Sería método muy frívolo y descarriado pretender probar la legitimidad del mensaje del Señor demostrando su armonía con nuestras aspiraciones. Por el contrario, ese mensaje se nos impone en la medida en que sus verdades desconciertan nuestro entendimiento, en la medida en que sus consignas contradicen nuestra nativa inclinación. Hay que descender a un estrato muy hondo para ver cómo se conjugan, con qué maravillosa paz y exactitud, el ser de Cristo y nuestro propio ser. Para ello es preciso antes negarnos del todo a nosotros mismos, hasta reducirnos a ese expolio en el cual nuestro ser ya solamente consiste en una pura receptividad para el ser de Jesús.

A nadie se le oculta que la negación de mí mismo sólo tiene sentido por la afirmación que simultáneamente hago de Cristo en mí. Yo soy objeto y sujeto de la abnegación: mi yo natural y carnal es negado y poco a poco suprimido por mi yo cristiano. El no a la parte viciosa y fea que en mí subsiste representa mi incorporación al sí de Jesucristo; ese no es mi amén (2 Cor 1,20).

Para ilustrar esto, nos podemos valer de un pensamiento de Eckhart que, aunque en rigor teológico resulte incorrecto, permite extraer conclusiones morales muy pertinentes. Dice bien nuestro místico que Cristo poseía naturaleza humana, pero no personalidad humana; esto lo explica luego mal, afirmando que era «hombre en general», sin individualidad. Ahora bien, nosotros entramos en unidad con Cristo en tanto en cuanto nos hacemos también «hombres en general», es decir, en la medida en que nos desprendemos de nuestra singularidad, de la afirmación de nuestro yo. Digamos, para no errar, afirmación orgullosa, singularidad mezquina, apego triste.
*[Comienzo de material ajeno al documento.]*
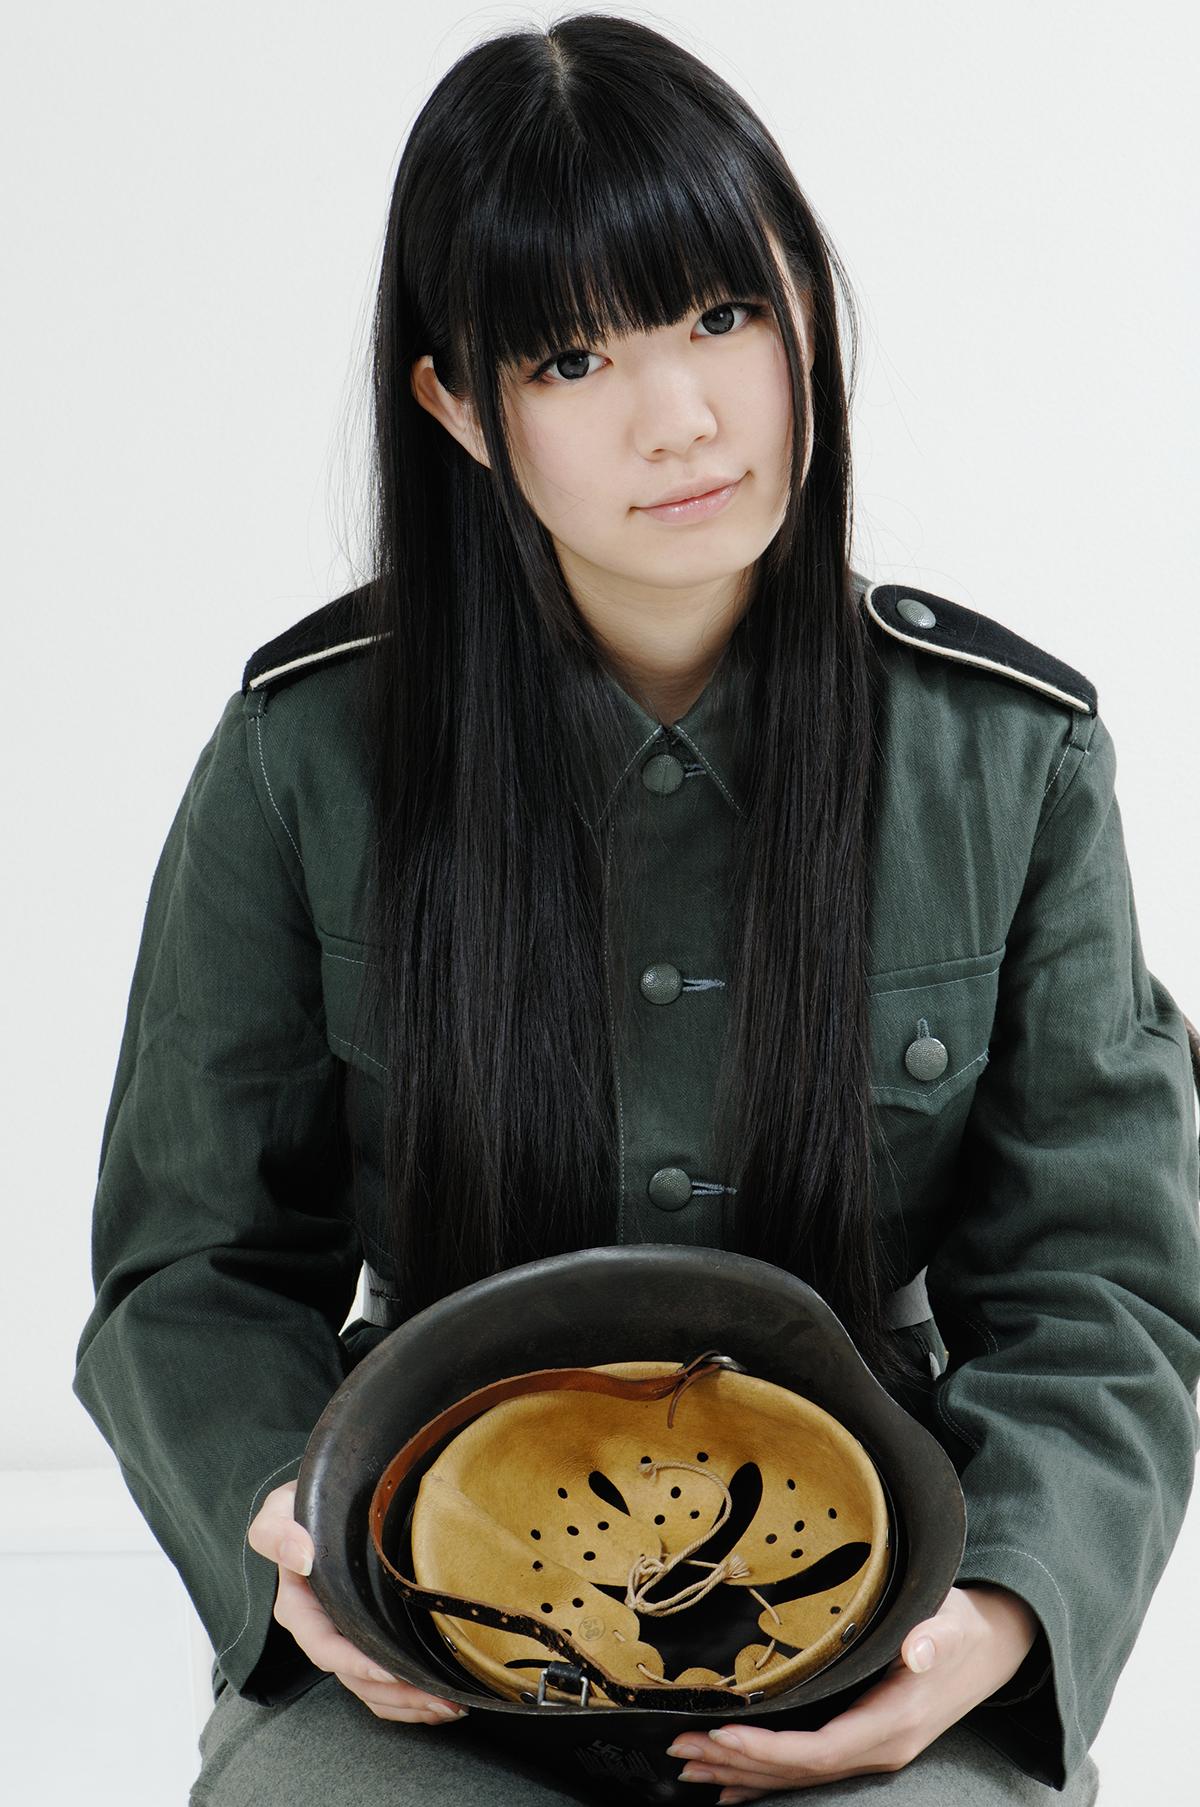 M42型ヘルメット/シェル実物

Semejante tarea exige una fe muy viva, una fe que también ella misma debe ser pura y desnuda. Abraham recibió de Yahvé la promesa de una descendencia tan numerosa como las estrellas, pero después, un buen día, escuchó de El la incomprensible orden de sacrificar a su único hijo. Obedeció Abraham sin objetar nada, y encaminóse hacia el país de Moriah para ofrecer tan tremendo, tan absurdo holocausto. Su fe venció. Venció dos veces. Al principio había renunciado el patriarca a sus evidencias y a sus cálculos para creer sólo en la promesa de Dios; más tarde fue obligado a desligarse aun de la misma promesa a fin de que pusiera su fe exclusivamente en Yahvé, en ese Dios de las promesas que está muy por encima de las promesas de Dios. He aquí la completa exigencia de la fe desnuda, la prohibición de tomar por Dios uno cualquiera de sus dones.

Habrá que vigilar mucho para que esta vida en vilo no haga enojosa la convivencia con los hermanos, para que esta abnegación de uno mismo no presente dureza ninguna al exterior. Un renunciamiento sin amor sería tan peligroso como una inteligencia muy penetrante, pero sin cordura; igual que un gran poder sin control, igual que una belleza venenosa. Observemos también que el principio de la abnegación no reside en las cosas—«toda criatura de Dios es buena» (1 Tim 4,4), sino en nosotros mismos. Se trata de un amor que debe entrar en pleito y vencer a otro amor.

El amor de Cristo triunfa del amor terreno. Sólo por El sacrificamos lo que únicamente junto a El pierde su brillo y seducción. ¿Renunciar nada más que porque sí? «También Crates el filósofo lo hizo y muchos otros», reconoce San Jerónimo 4. Es menester que se haga por amor de Dios. Es preciso «padecer con El» (Rom 8,17). Por eso la señal de nuestros sacrificios será siempre la santa cruz; por eso el hombre incontinente no se comporta sólo como un desenfrenado amador de las cosas visibles, para el cual «su Dios mora en su estómago», sino que es positivamente un «enemigo de la cruz de Cristo» (F1p 3,18-19). Pablo deseaba «no ser desnudado, sino revestido» (2 Cor 5,4); mas como no es posible llegar a la vida sin pasar por el despojamiento, pedía a grandes voces «morir para estar con Cristo» (Flp 1,23).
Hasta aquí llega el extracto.